Opinion of the Court.

(f) The further consideration for the agreement is urged, that the complainant was to withdraw from the field as manufacturers, and thus free the licensees from such competition.

These propositions, therefore, impress me as clearly established by the evidence: That monopoly in the general socalled "wind-stacker " products was both intended and accomplished without reference either to any specific invention or the validity of any patent and not referable alone to any patent or group of patents; that the several [28] patents purporting to cover that field, which were purchased by the complainant, were potent if not essential means to the end thus sought, and the other patents which were acquired from time to time were at least helpful; that concurrence of the manufacturers, in unity of action, to prevent competition in "wind stackers" of any form, was alike potent and plainly essential to carry out the plan; and that the agreement fixing the selling price for any form of the product was solely for the benefit of the manufacturers-the basis of their concurrence and, in no sense, attributable to either patent in the list, nor to specific invention in either of the patent devices.

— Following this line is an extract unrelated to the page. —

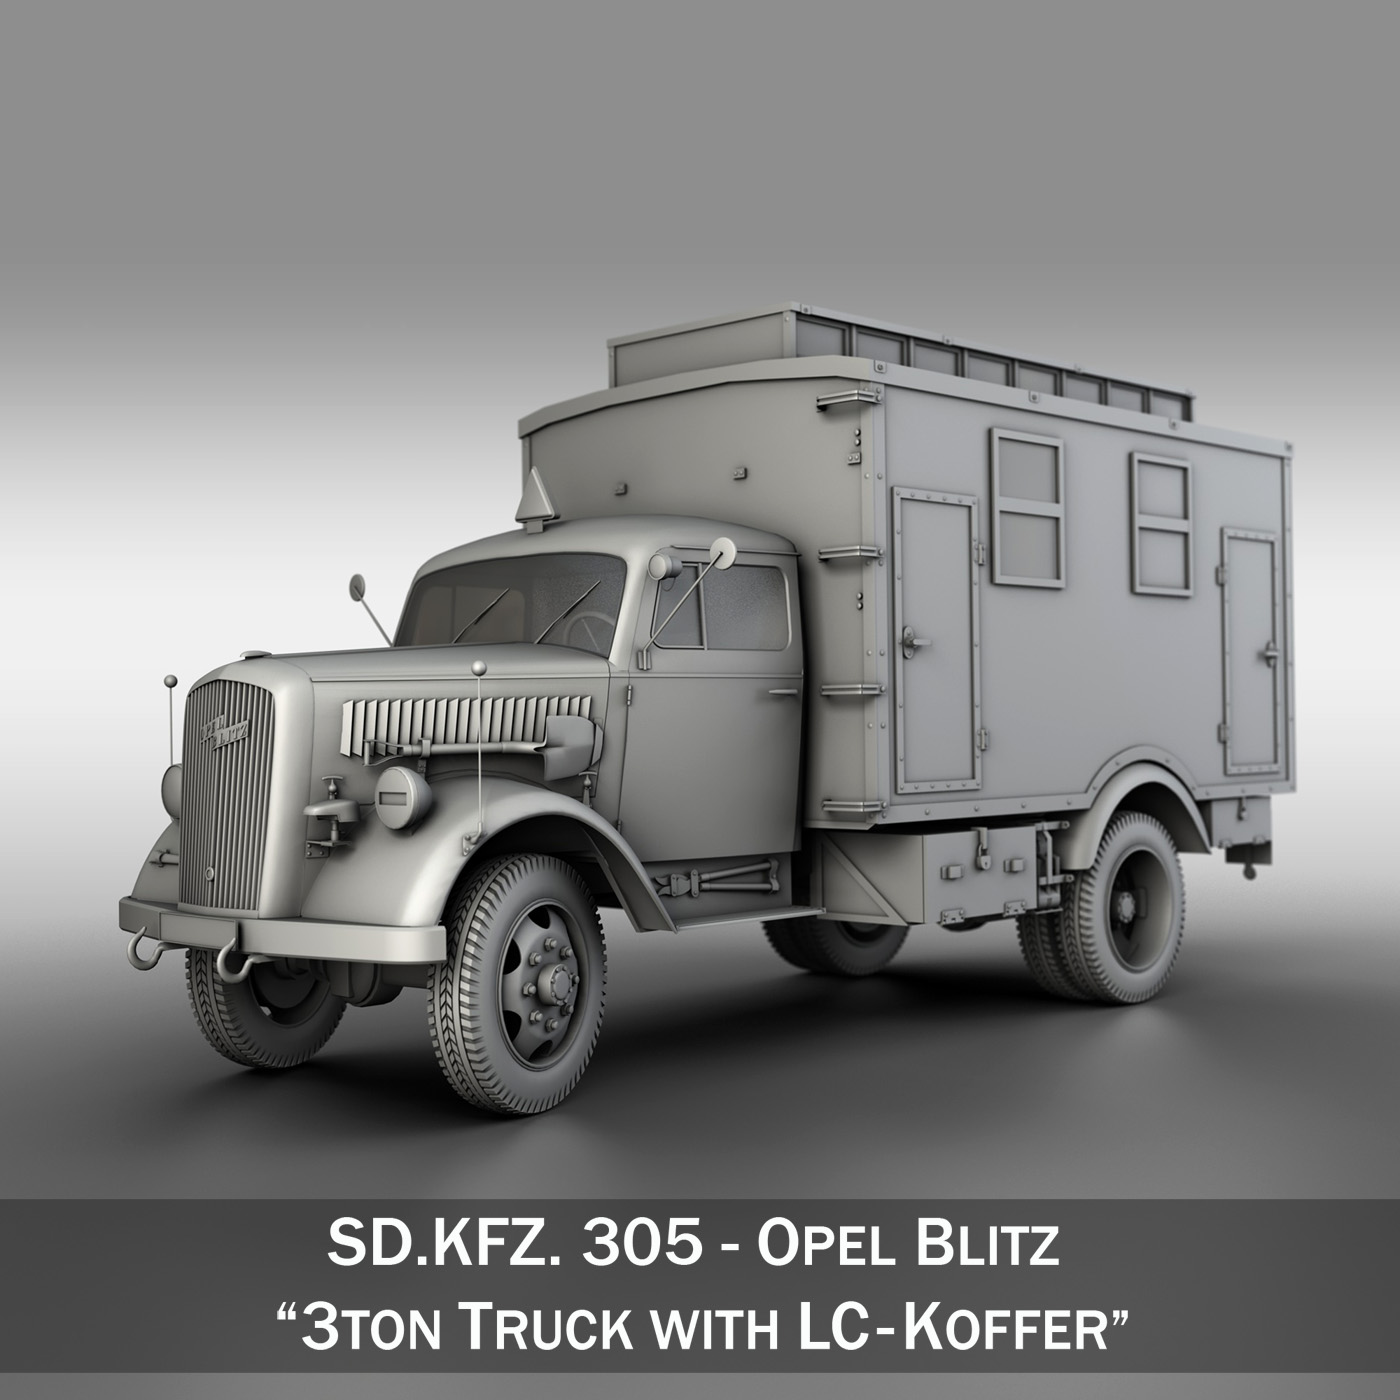 opel blitz – 3t truck with ec koffer 3d model 3ds fbx c4d lwo obj 251575

Doubtless, the complainant's initial object was a plan for royalties from all manufacturers, with its Buchanan patents as the germ (especially the first one, with brief term to run) and acquisition of all other patents, which might be brought into competition, both by way of entrenching and perpetuating its claim, and to reach all who were engaged in the manufacture of the various forms of " wind stackers." While such plan of cumulative ownership of patents, for the purpose of obtaining royalty alone under the protection of all, is sanctioned by the authorities-notably, Bement v. National Harrow Co., 186 U. S. 70, 22 Sup. Ct. 747, 46 L. Ed. 1058-as between licensor and a licensee, I am of opinion that this combination of all manufacturers under the plan of acquisition and for the purposes above outlined, is without such sanction, so that no escape appears from the conclusion that it violates the anti-trust act, if not the common law. It is unmistakably a combination of manufacturers to restrain competition in the make and sale of their products, with merger of the patents in one ownership as a means employed for that purpose, and thus not entitled to the beneficent rule of the patent law

Opinion of the Court.

which intends protection only of monopoly of the use of specific invention-not to foster combinations of patentees and manufacturers for general monopoly.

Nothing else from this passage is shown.